Сердце девочки смягчилось, и, улучив момент, она промолвила:

— Скажи, мама, если Бог справедлив, тогда почему одни люди богаты, а другие бедны?

Уарда оторвалась от работы, улыбнулась и провела рукой по волосам Эсмы.

— Потому что, если бы все на свете было одинаковым, мы бы никогда не узнали разницы между бедностью и богатством, здоровьем и немощью, добром и злом.

— Такие люди, как мы, должны помогать бедным?

— Конечно, по мере сил.

— Если человек что-то украдет, что с ним будет?

— Когда его поймают, ему отрубят руку, и все и везде будут знать, что он вор. А еще этот человек никогда не сможет узреть «садов Аллаха»[5]. Воровство — великий грех.

— А ты когда-нибудь грешила?

Женщина улыбнулась.

— На свете мало безгрешных людей. Однако я никогда не брала ничего чужого.

Эсма смотрела на женщину, которую считала своей матерью, большими, чистыми, слегка печальными глазами.

— Тебе приходилось лгать?

Уарда нахмурилась. Тарик никогда не вспоминал о своей первой супруге. Так же поступала она по отношению к покойному мужу. Их дети до сих пор не знали правды о своем истинном происхождении. Воссоединение Уарды и Тарика казалось немыслимым, и, когда это все-таки случилось, оба были настолько счастливы, что без колебаний принесли в жертву своему счастью все, включая призраки прошлого. Женщина приняла дочь той, что упокоилась с миром и таким образом вернула ей, Уарде, любимого человека, а Тарик, в свою очередь, относился к Гайде как к собственному ребенку.

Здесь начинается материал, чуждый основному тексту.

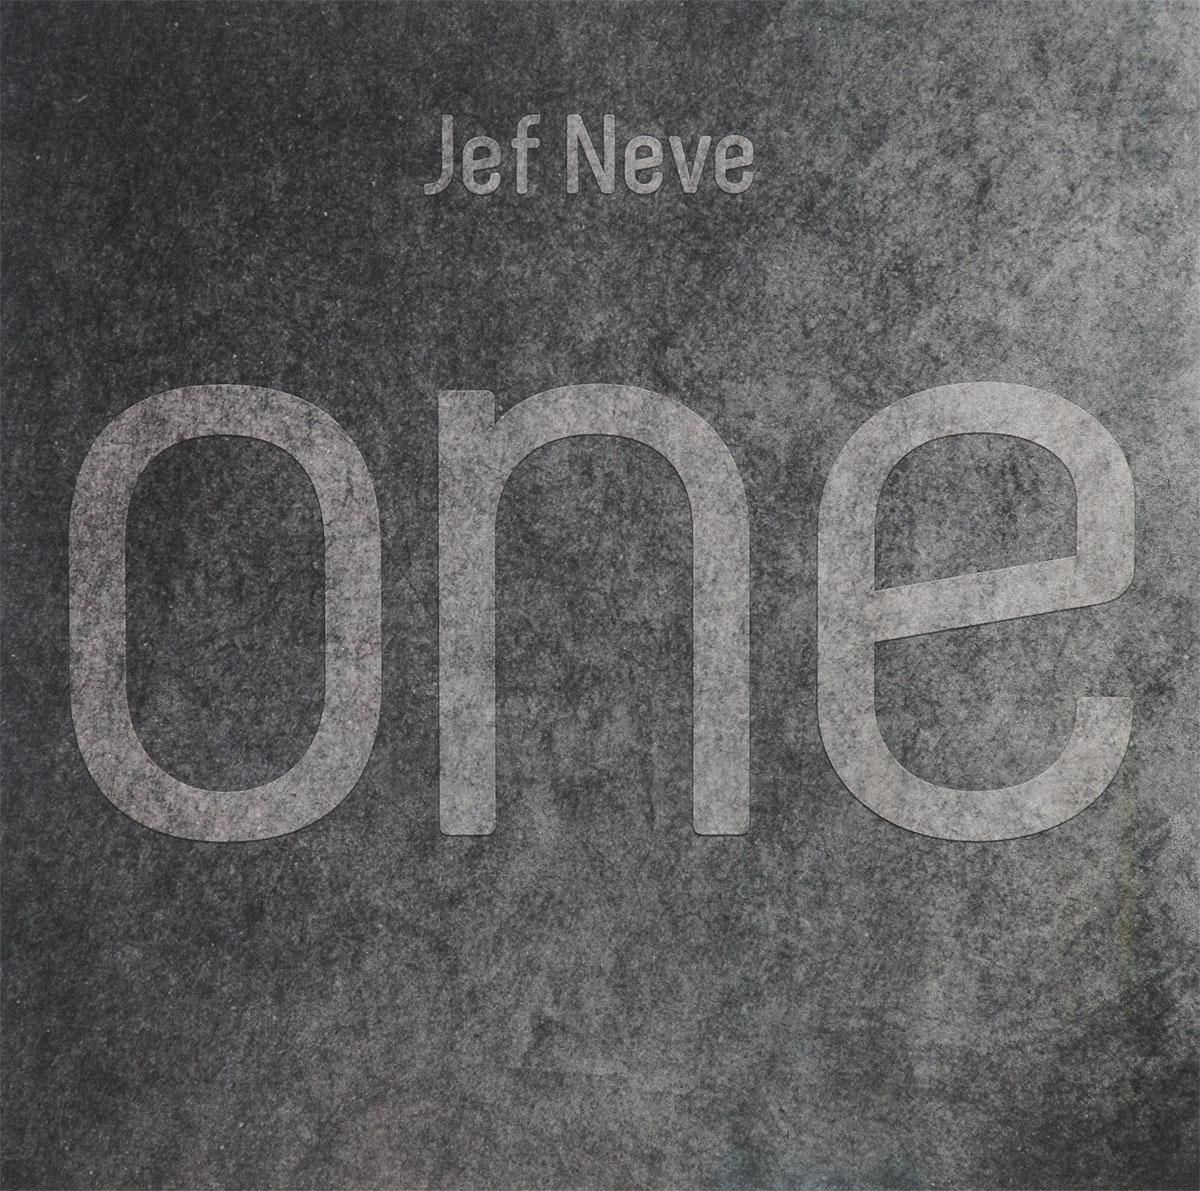 Джеф Неве Jef Neve. One (LP)

Общий сын Ансар еще больше сплотил их семью и укрепил отношения. Супруги много раз говорили о том, что надо рассказать девочкам правду, но так и не решились этого сделать.

— Если я и лгала, то только во благо другим, — ответила женщина.

Когда муж вернулся со службы, Уарда призналась, что ее гложет совесть. Ни его первая жена, ни ее покойный муж не заслужили того, чтобы о них не знали их собственные дети. Тарик внимательно выслушал жену и спросил, сознает ли она, какой удар может нанести девочкам неожиданная новость.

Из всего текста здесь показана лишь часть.